#### Given information:
※ ※ ※
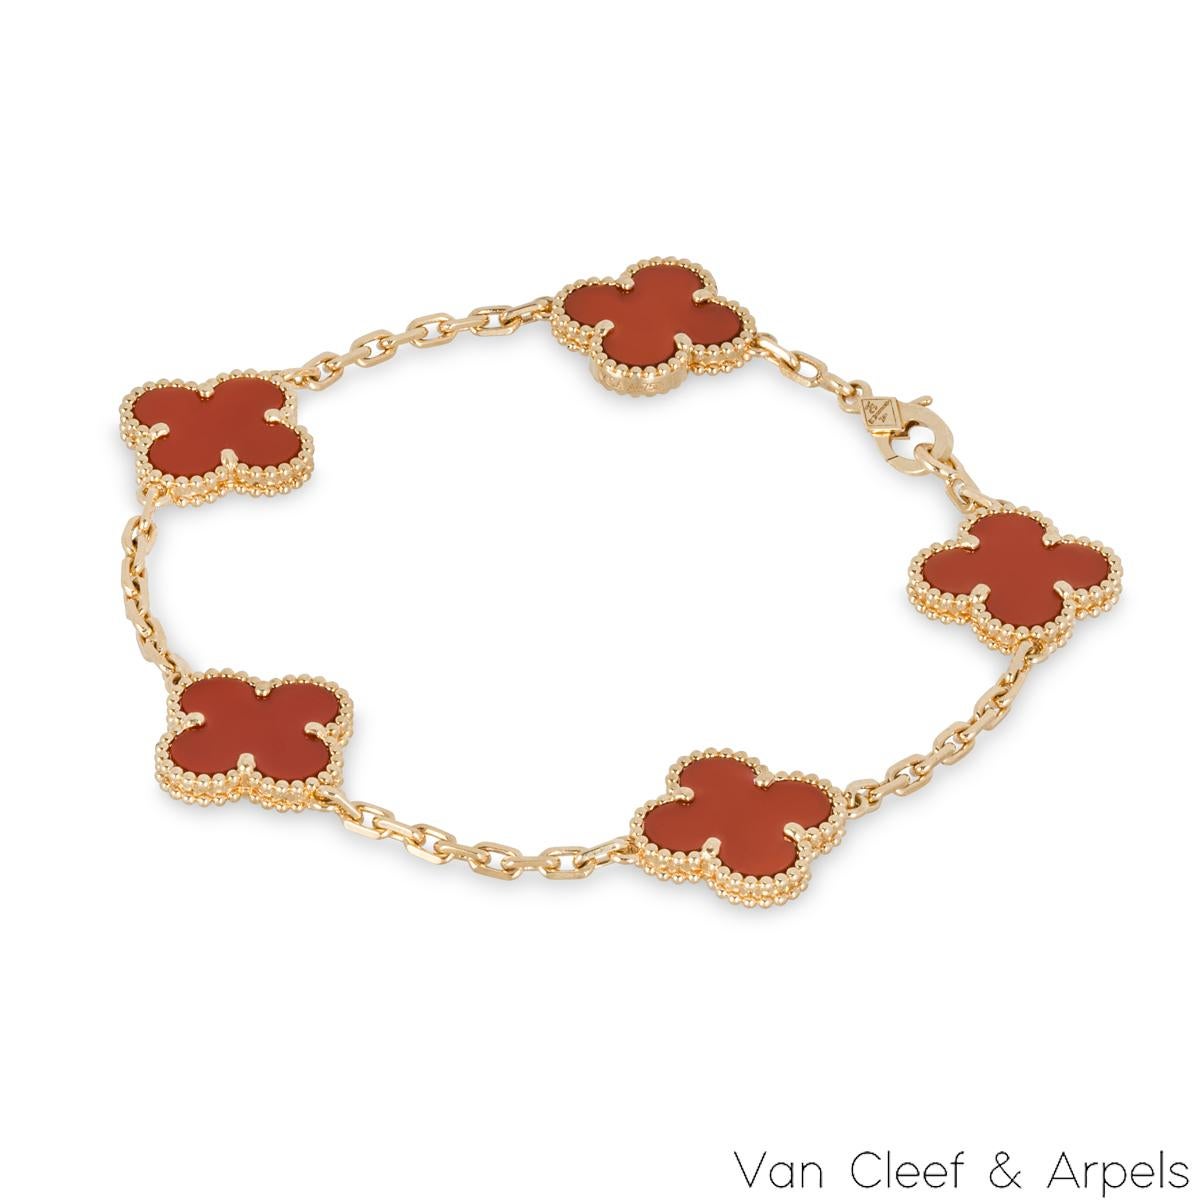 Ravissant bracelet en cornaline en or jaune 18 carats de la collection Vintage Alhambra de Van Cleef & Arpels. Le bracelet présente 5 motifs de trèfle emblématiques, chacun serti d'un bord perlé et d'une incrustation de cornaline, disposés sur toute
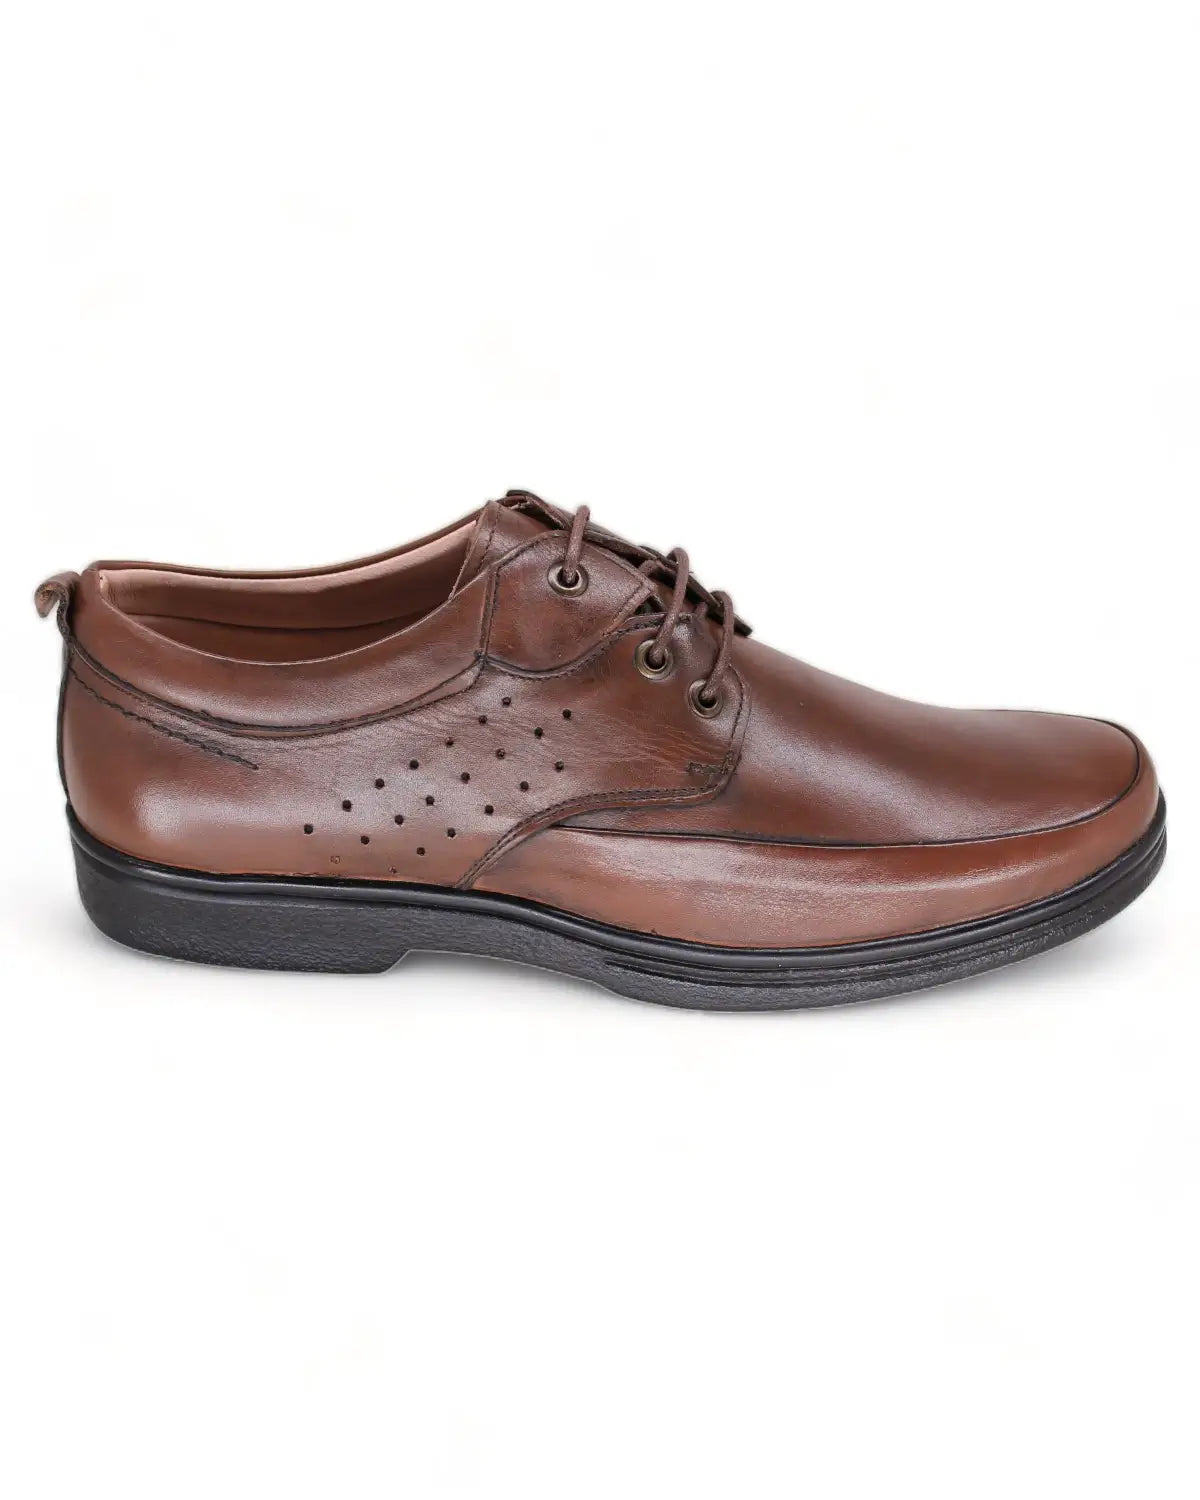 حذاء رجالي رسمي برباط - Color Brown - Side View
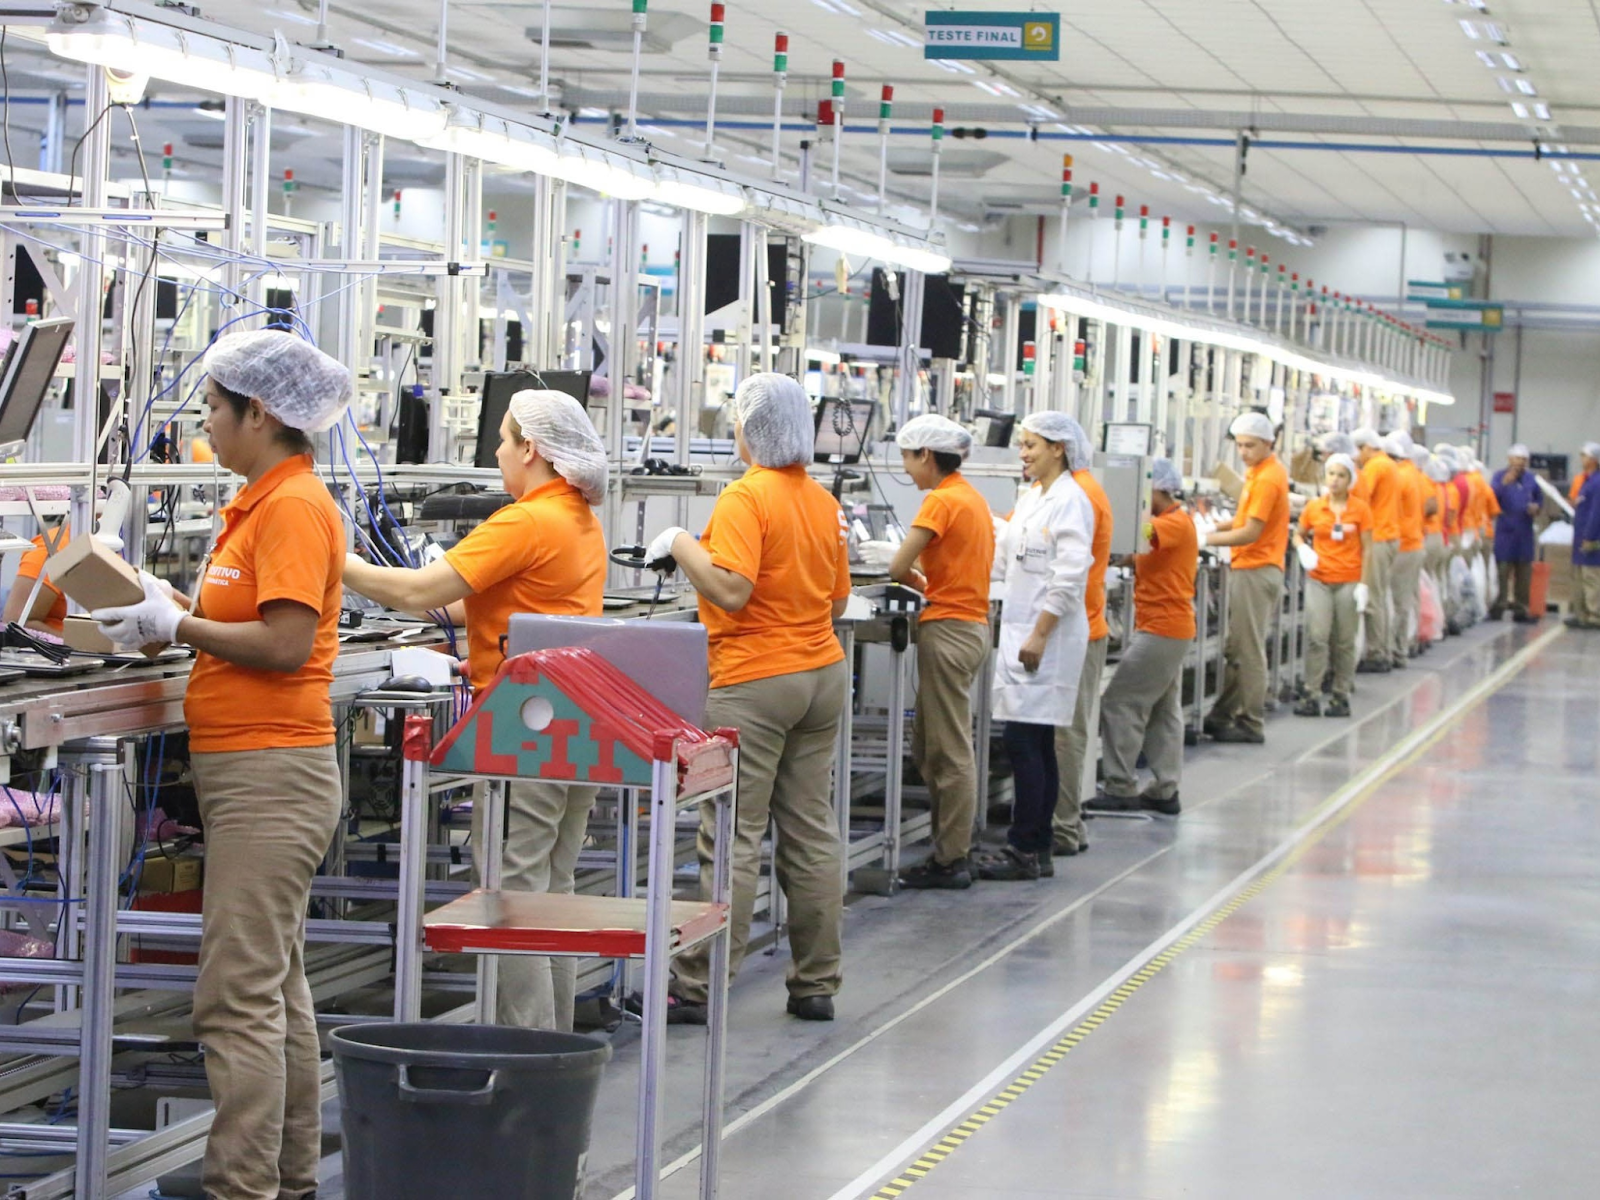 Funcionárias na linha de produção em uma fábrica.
※ ※ ※
#### Try it:
The answer must be the full listing retyped exactly, with no pictures in it.

#### Your response:
 Ravissant bracelet en cornaline en or jaune 18 carats de la collection Vintage Alhambra de Van Cleef & Arpels. Le bracelet présente 5 motifs de trèfle emblématiques, chacun serti d'un bord perlé et d'une incrustation de cornaline, disposés sur toute
 حذاء رجالي رسمي برباط - Color Brown - Side View
 Funcionárias na linha de produção em uma fábrica.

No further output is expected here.